Data provided ::
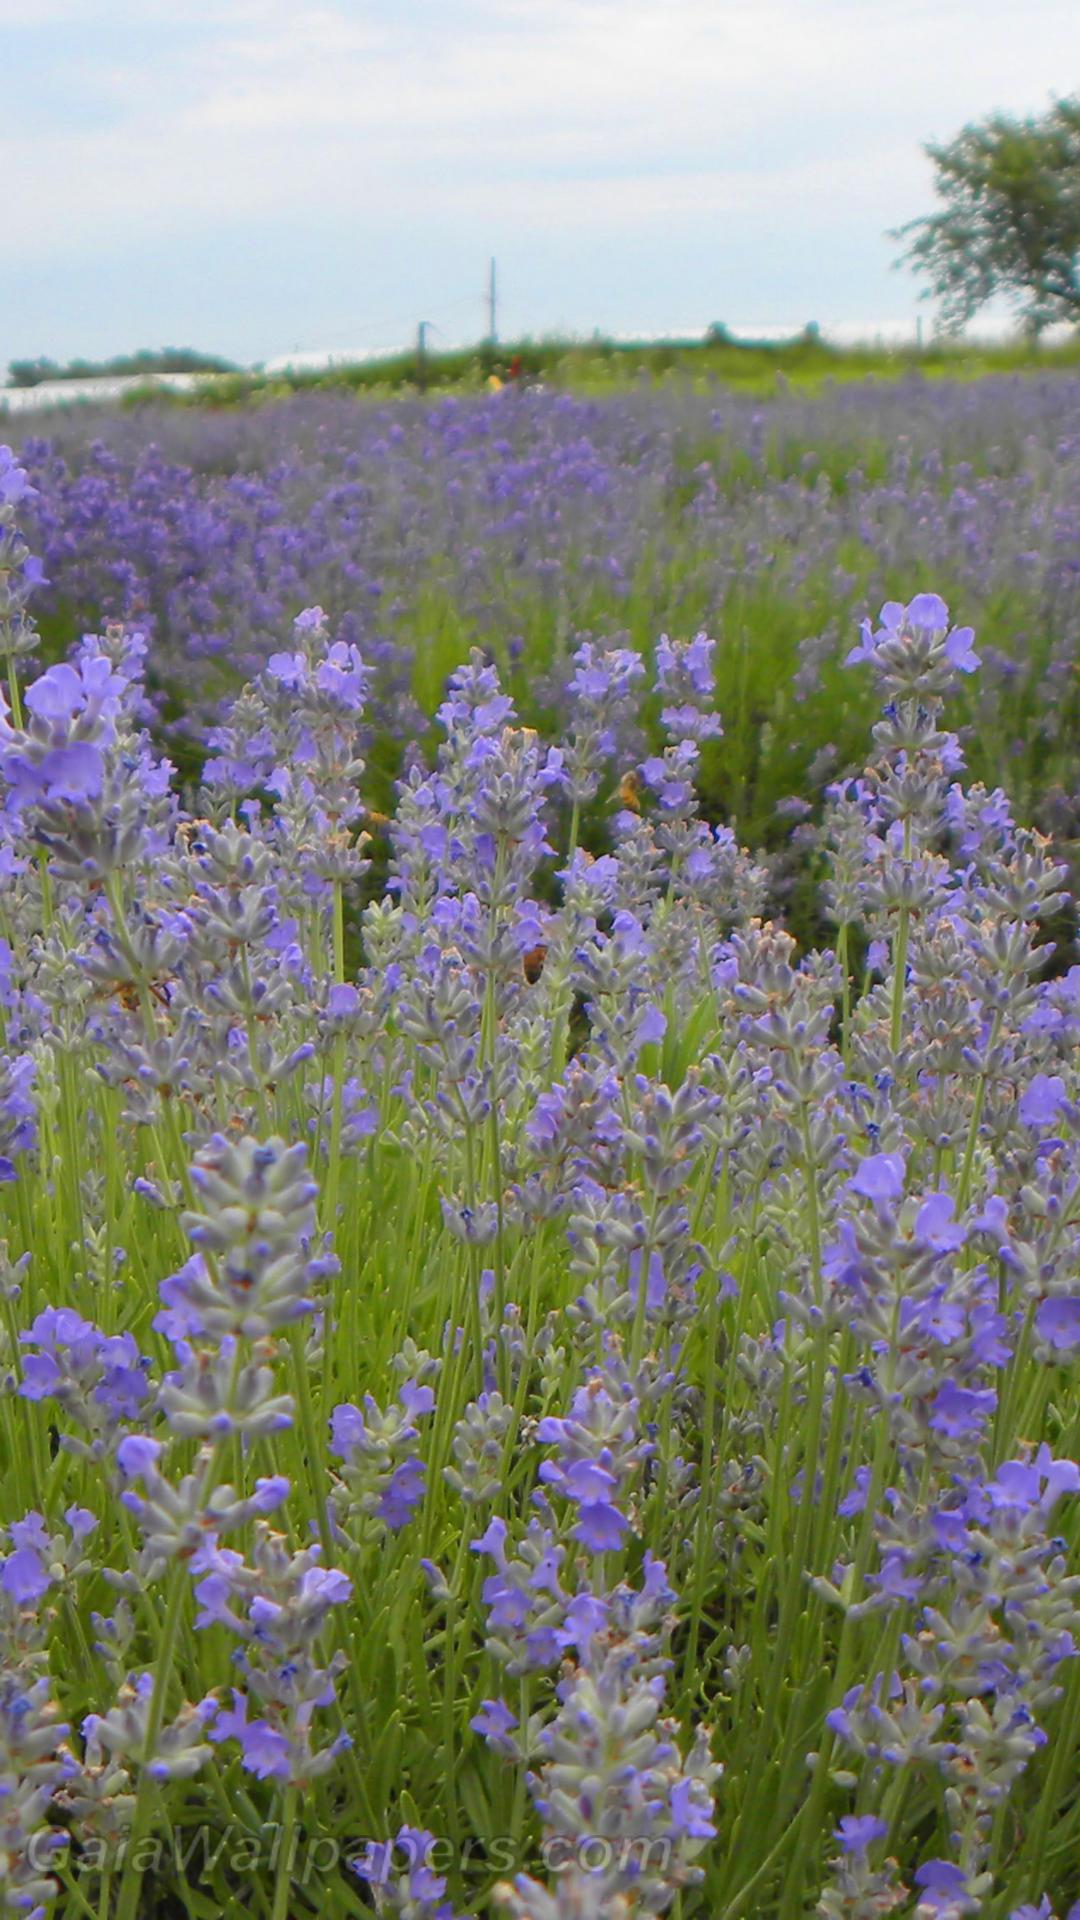 Lavender fields - Free desktop wallpapers
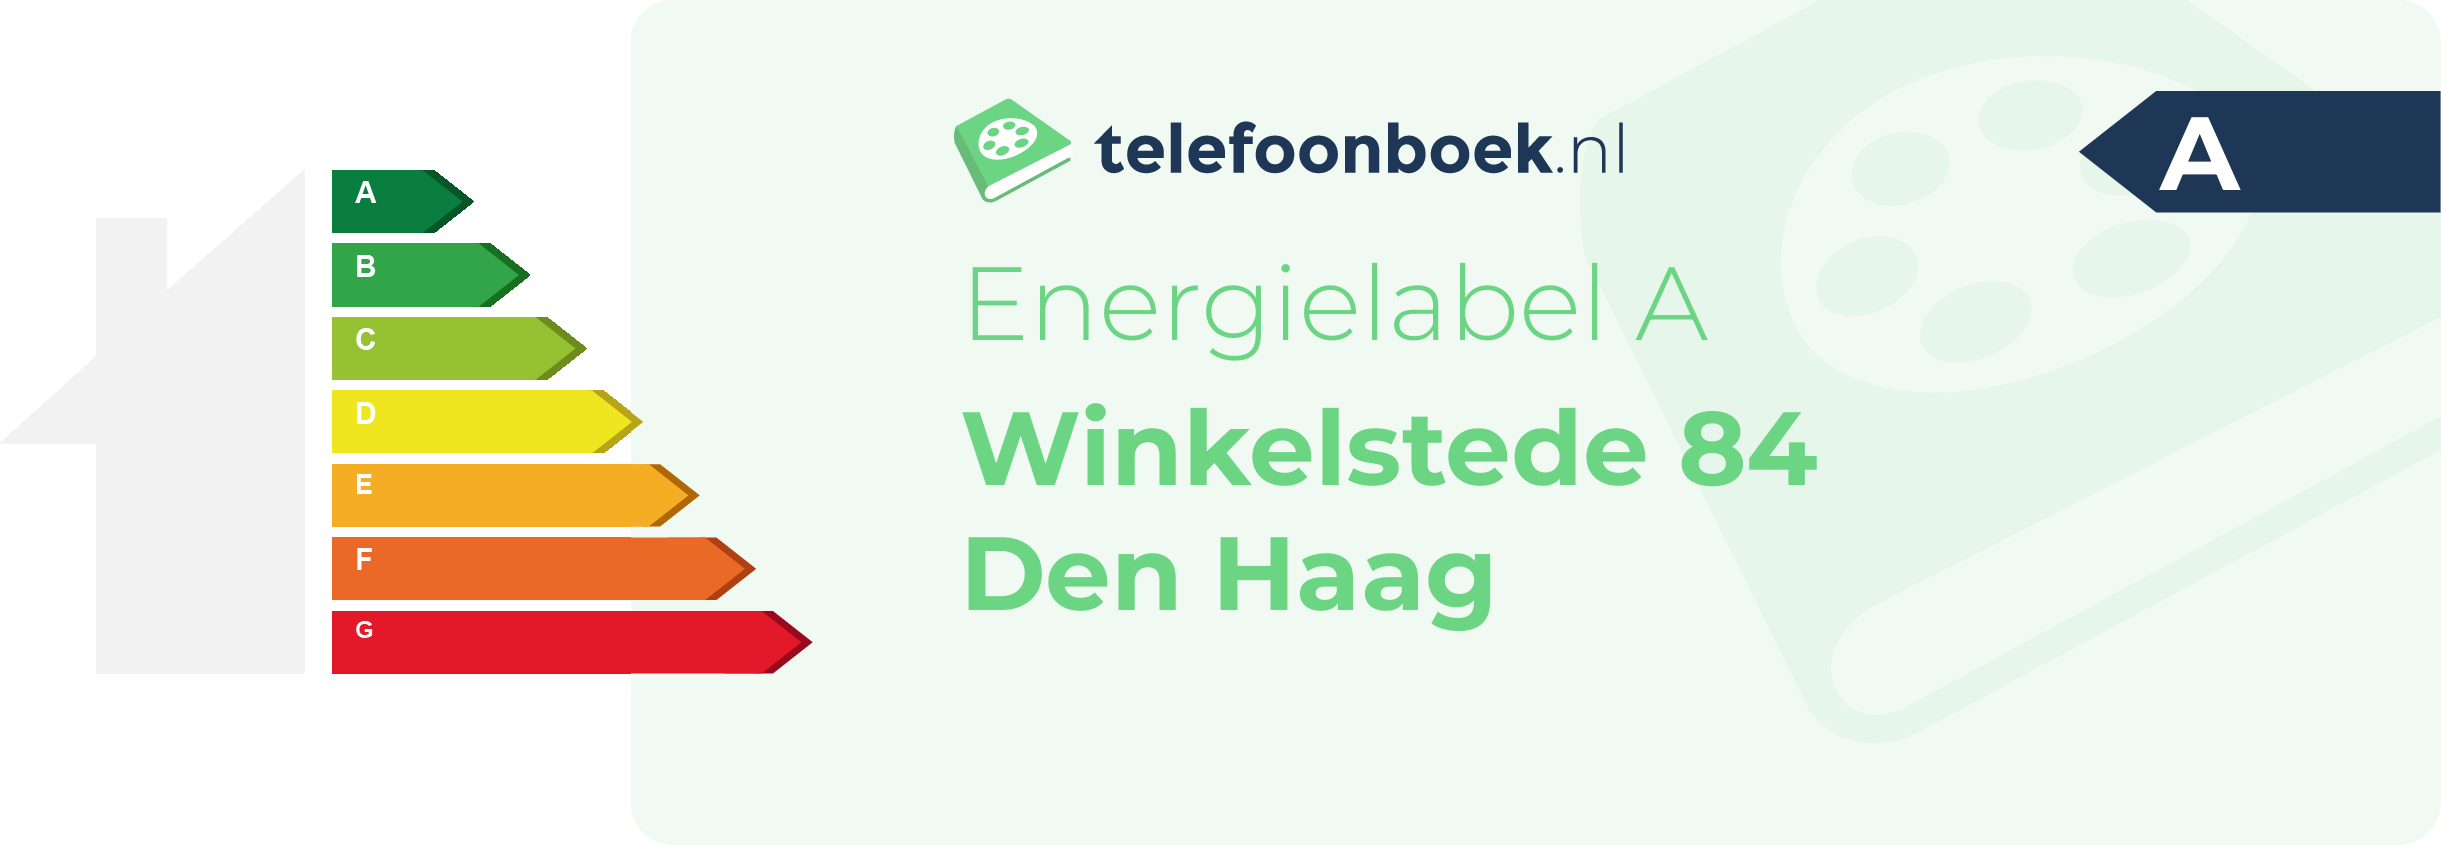 Energielabel Winkelstede 84 Den Haag
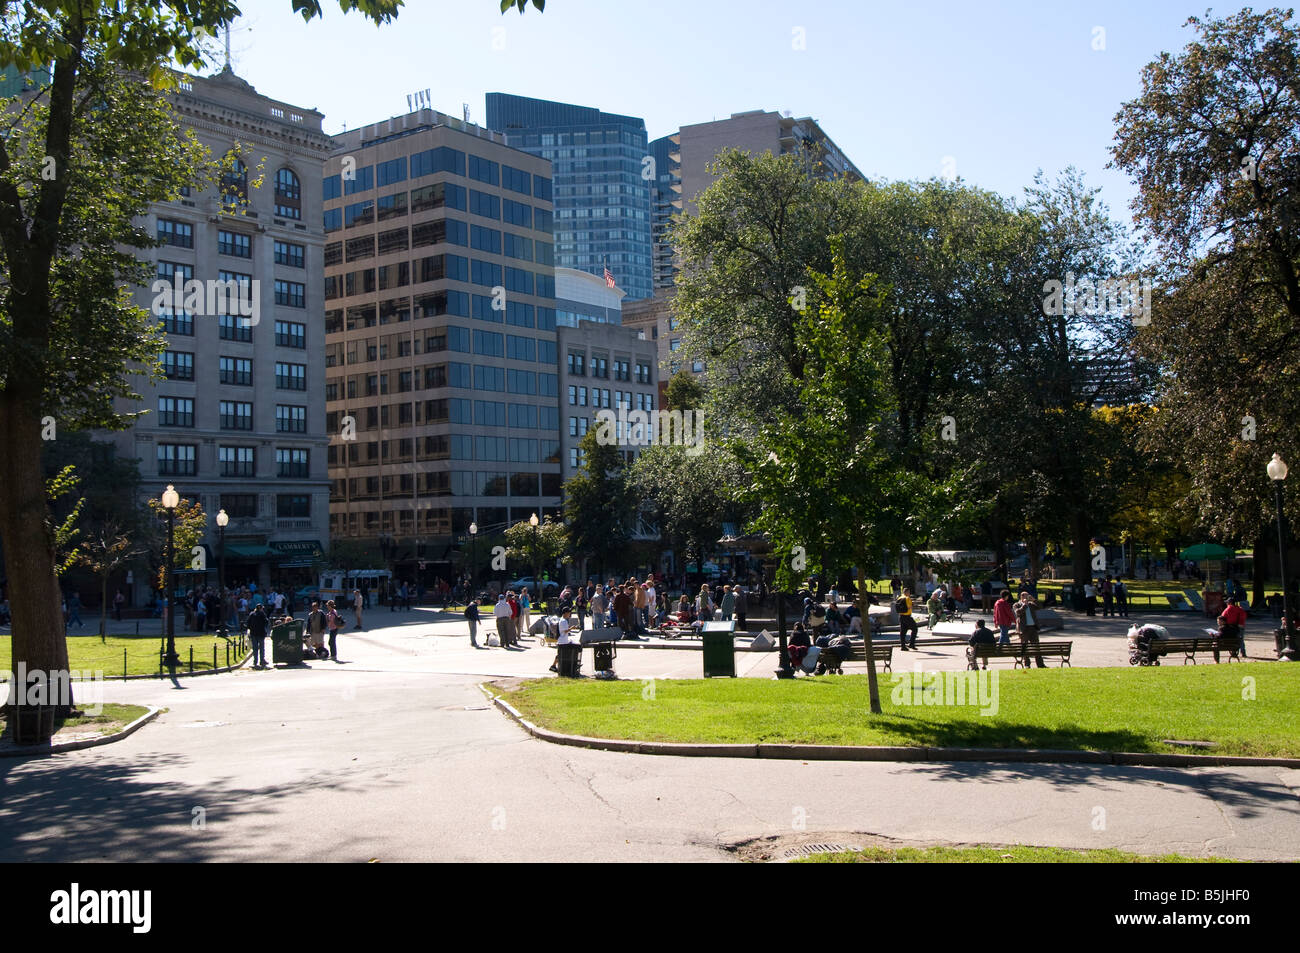 A sunny Saturday at the park - Boston Common, Boston USA Stock Photo
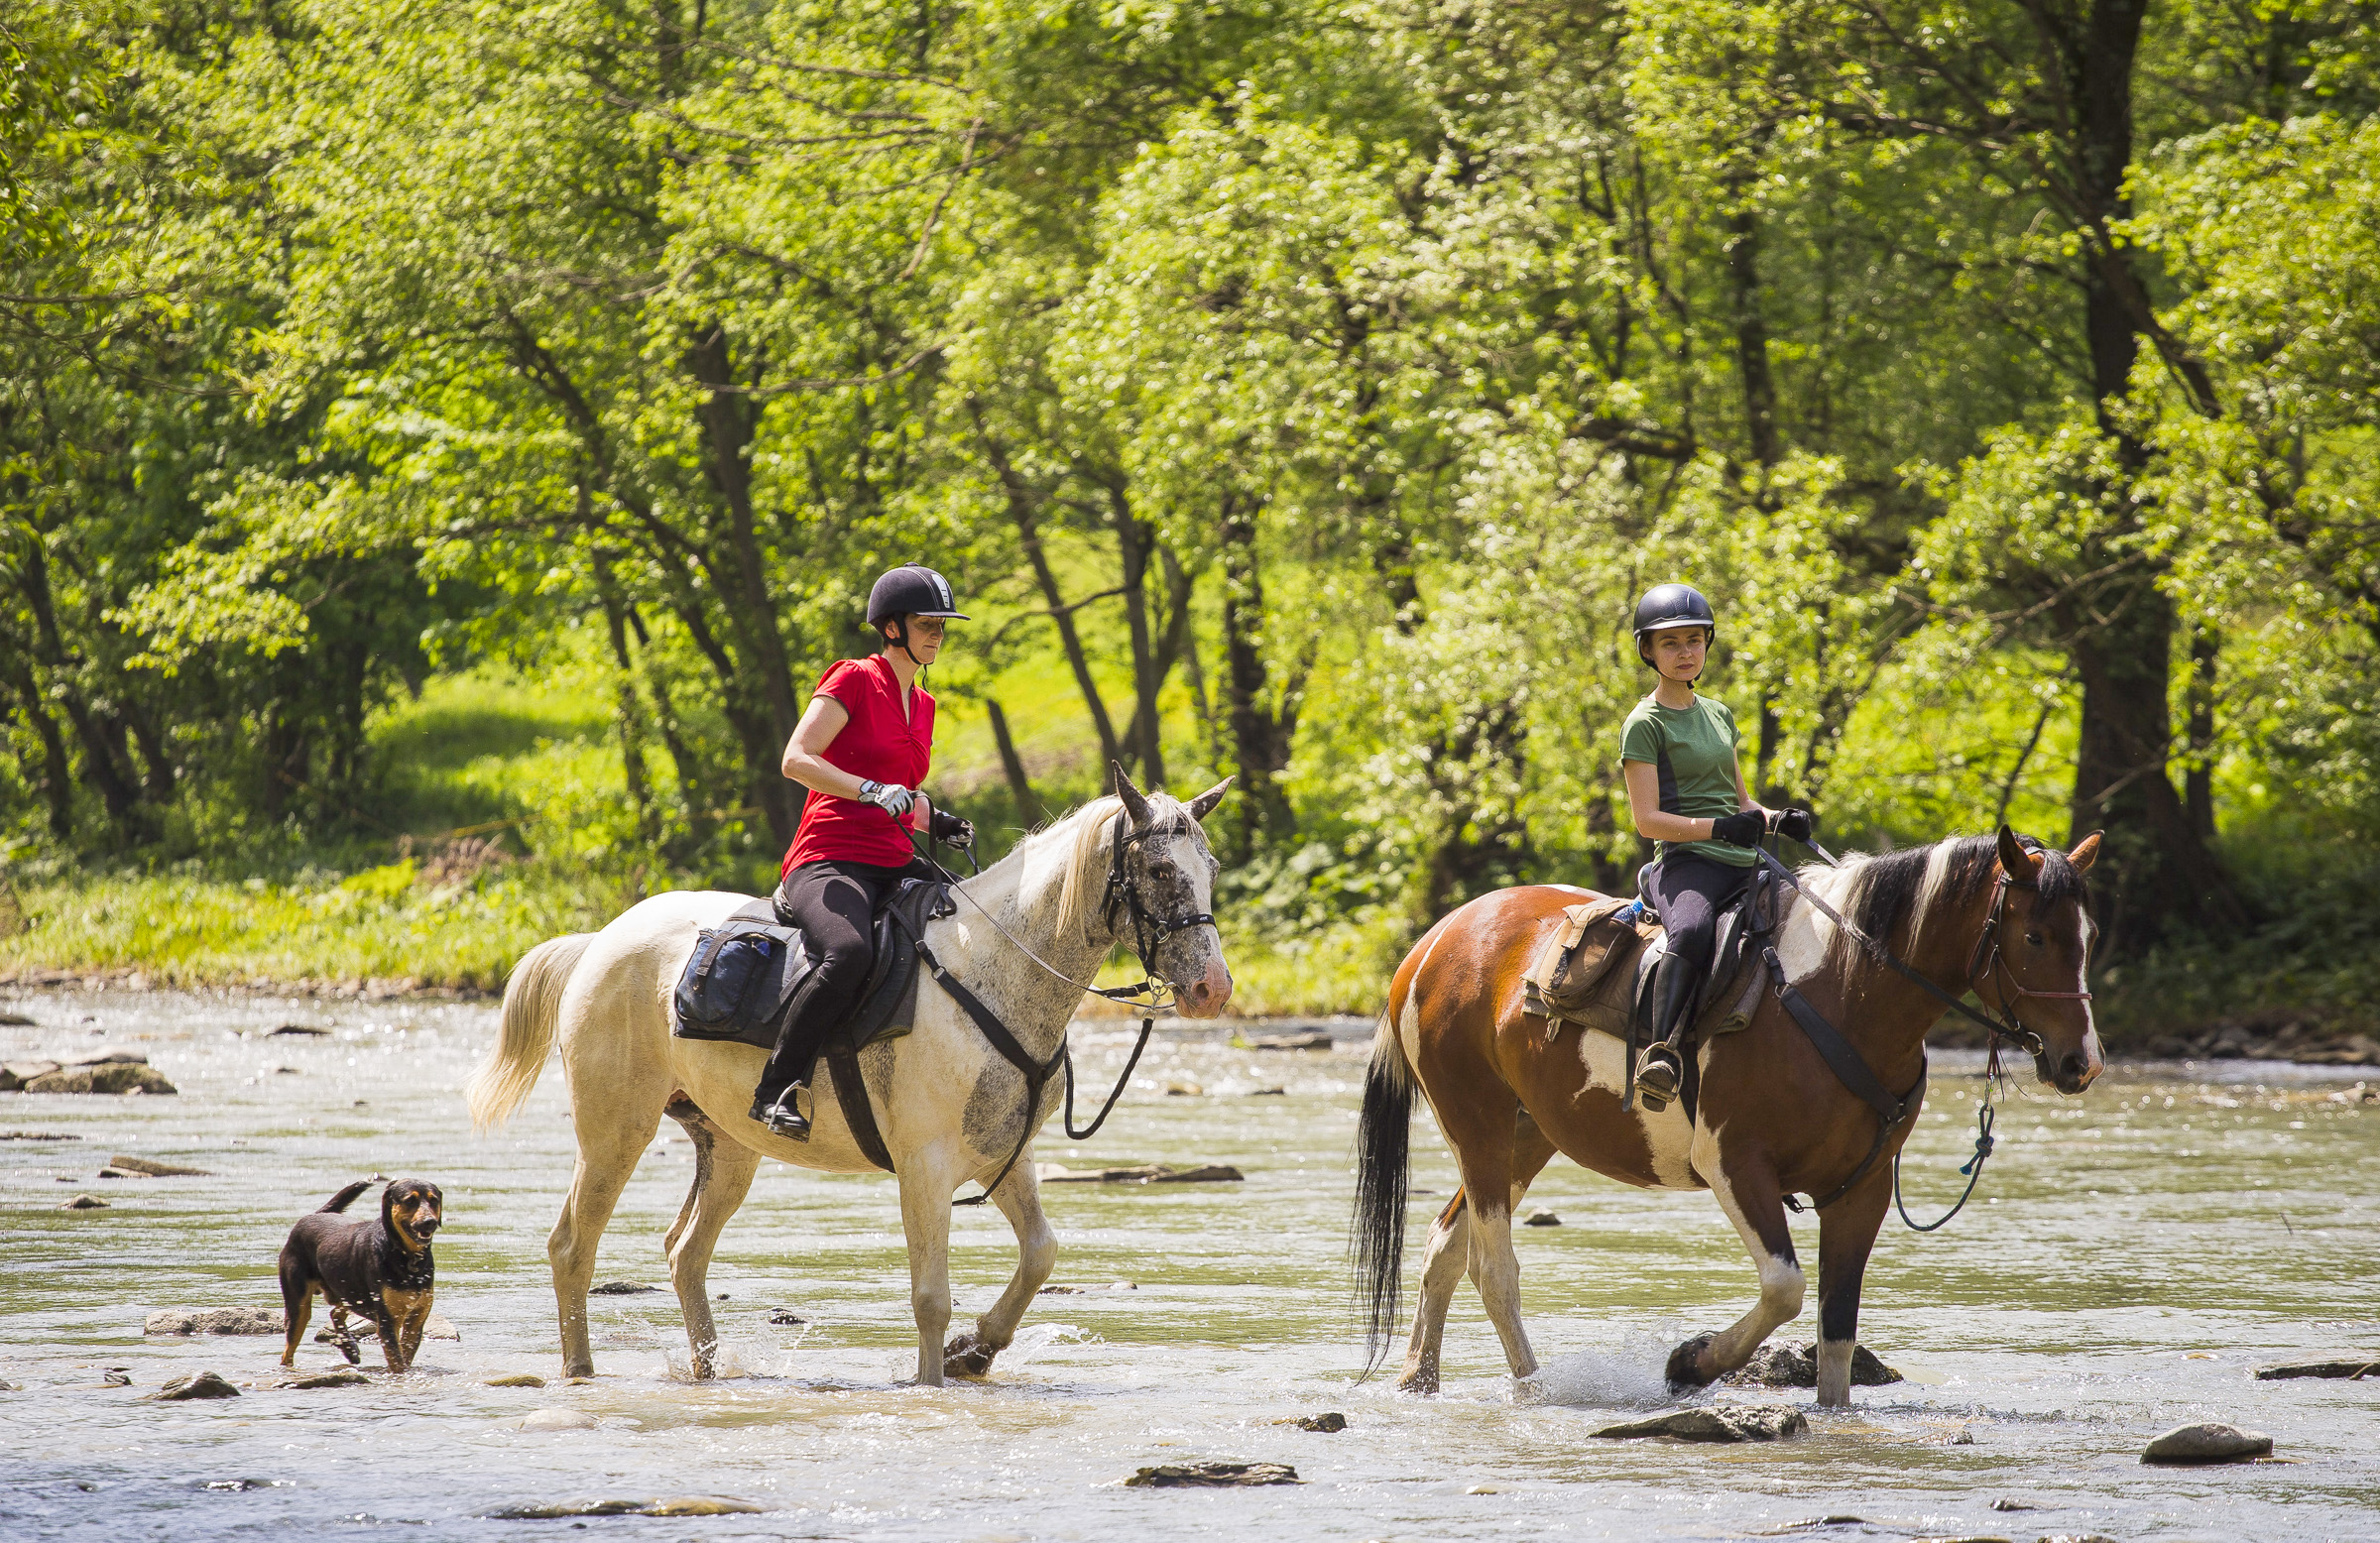 Letni dzień. Dwie kobiety przeprawiają się konno przez rzeką. Za nimi biegnie pies. W tle zagajnik.

Task :: Could you retype each line of the material above exactly, skipping the pictures?

Your solution ::
 Lavender fields - Free desktop wallpapers
 Energielabel Winkelstede 84 Den Haag
 A sunny Saturday at the park - Boston Common, Boston USA Stock Photo
 Letni dzień. Dwie kobiety przeprawiają się konno przez rzeką. Za nimi biegnie pies. W tle zagajnik.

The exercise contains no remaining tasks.